Classification of political power:

1. By subject - presidential, monarchical, state, party, church, army, family.

2. By spheres of functioning – legislative, executive and judicial.

3. According to the methods of interaction between the object and the subject of power, according to the mode of government - authoritarian, totalitarian, democratic.

The main elements of power are its subject, object, means (resources). Subject and object– direct carriers, agents of power. The subject embodies the active, directing principle of power. It can be an individual, an organization, a community of people, such as a nation, or even global community, united in the UN.

Subjects are divided into:

· primary – large social groups with their own interests;

· secondary – government bodies, political parties and organizations, leaders, political elite.

The object of power is individuals, their associations, layers and communities, classes, society. Power is, as a rule, a mutually conditioned two-way relationship: the interaction of subject and object.

Analyzing this issue, it is necessary to highlight the social reason for the subordination of some people to others, which is based on the uneven distribution of power resources.
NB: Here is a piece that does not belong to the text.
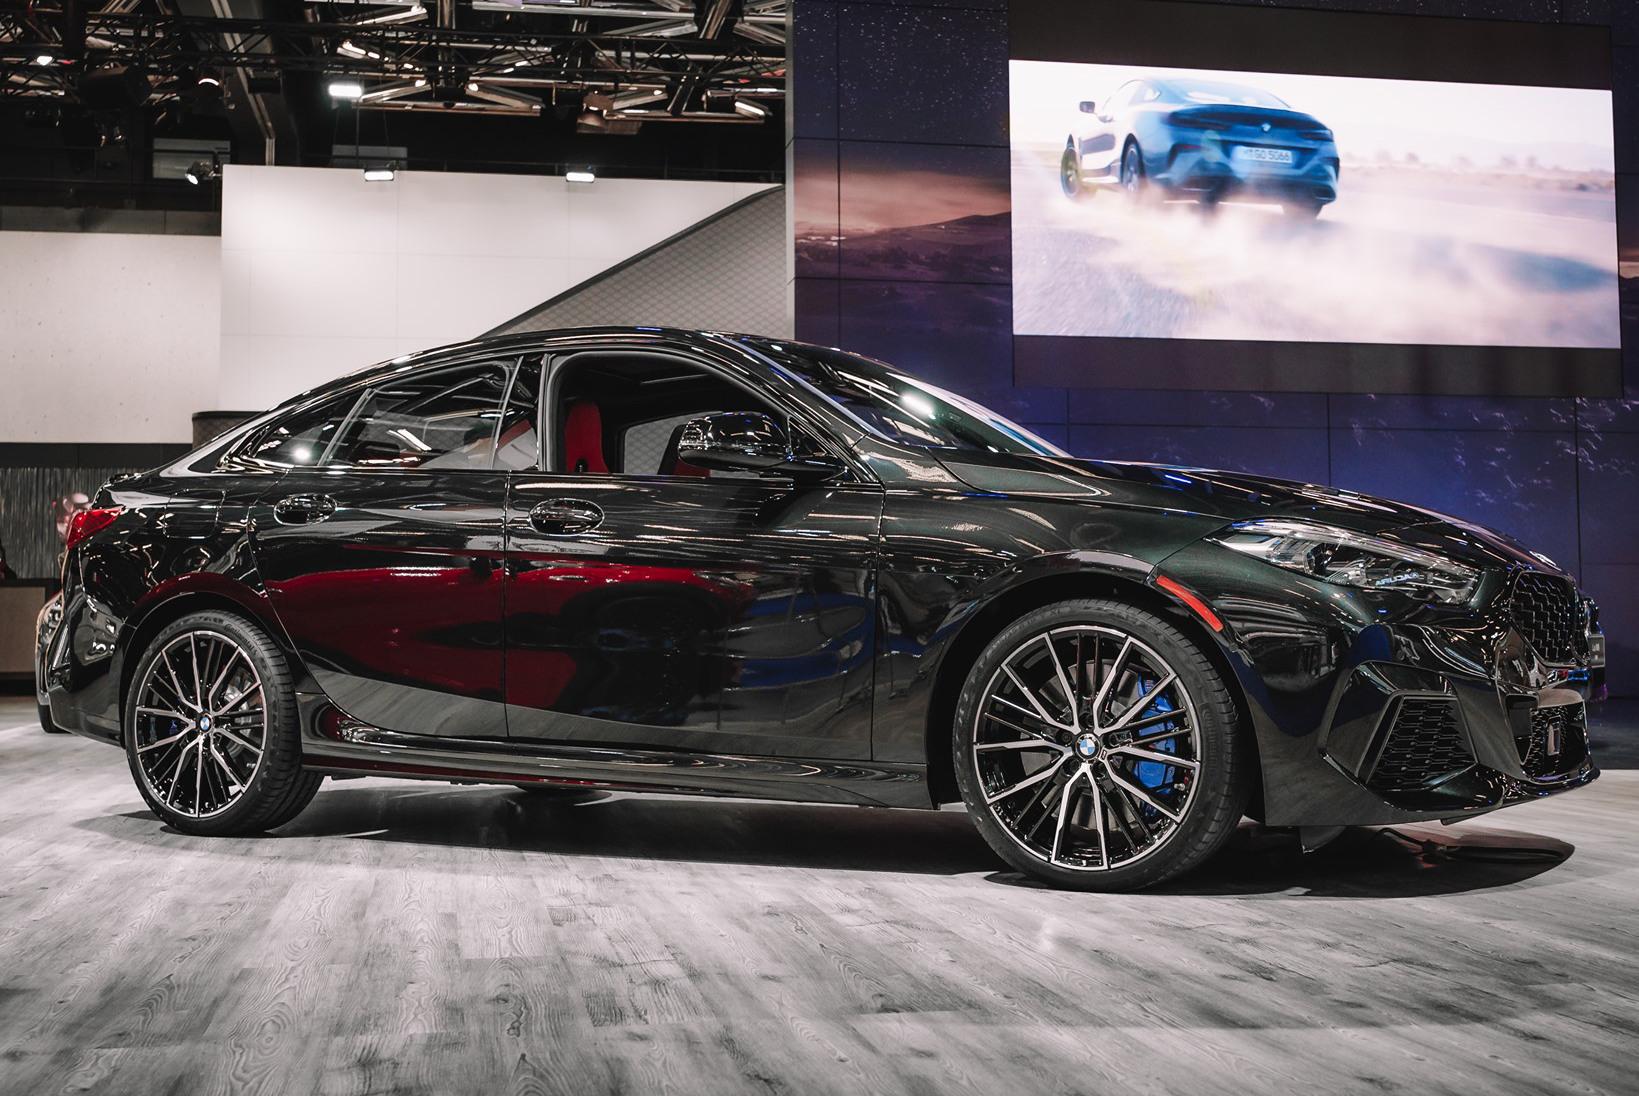 オールブラック!「BMW新型2シリーズグランクーペ(F44)」がカッコいい!旧型3シリーズE90とサイズ感が近しいのも良いですね♪

Resources are either values ​​that are important for an object (money, consumer goods, etc.), or means that can influence inner world, the motivation of a person (television, the press), or tools with which one can deprive a person of certain values, including life (weapons, punitive authorities in general).


The specificity of political power is that it interacts with the economy, social, military and other forms of power. Politics is a regulator of other spheres of public life, and the effectiveness of its implementation is related to the level of development of these spheres of public life.

Political power on a national scale exists and functions not only in different areas society, but also at three levels of its social structure: public covering the most complex social and political relations; public or associative, uniting groups and relationships within them (public organizations, unions, production and other groups), and personal(private, private), in small groups. The combination of all these levels and forms of power forms the general structure of political power, which has a pyramidal structure. At its base is society as a whole, closer to the base are the dominant forces (classes, parties or simply groups of like-minded people) that determine politics and the formation of power. At the top is real or formal power: the president, government, parliament (smaller leadership).

There are four main levels in the functioning of political power on a global scale, characterized by various political institutions and systems of power relations:

1. Megapower– global level of political power, i.e. power that goes beyond the boundaries of one country and seeks to spread its influence and influence on the world community.

2. Macro power– the highest level of functioning of central state institutions and the political relations that develop between them and society.

3. Mesogovernment- an average, intermediate level of political power, connecting two extreme and different levels of political and power relations.

4. Micropower– power relations in interpersonal relationships, within small groups, etc.

Here we should also consider the question of political legitimacy(from Latin "legality") power.

Legitimacy of political power- this is public recognition, trust and support that society and people give her. The concept of “legitimacy of power” was first introduced into science by Max Weber. He identified three main sources (foundations) of legality, legitimacy of political power:

1. traditional type (monarchy);

2. charismatic type (due to enormous popularity and cult of personality politician);

3. rational-legal type - this power is recognized by the people because it is based on rational laws recognized by them.

Legitimacy is based on the recognition of the right of holders of power to prescribe norms of behavior for other individuals, for the entire society, and means support for power by the absolute majority of the people. Legitimate power is usually characterized as lawful and fair. Legitimacy is associated with the presence of authority in power, the belief of the vast majority of the population that there is an order that is best for a given country, with consensus in the area of ​​fundamental political values. Power gains legitimacy in three ways: a) according to tradition; b) due to the recognition of the legitimacy of the system of laws; c) based on charisma, faith in the leader. Belief in the legitimacy of the regime ensures stability political system.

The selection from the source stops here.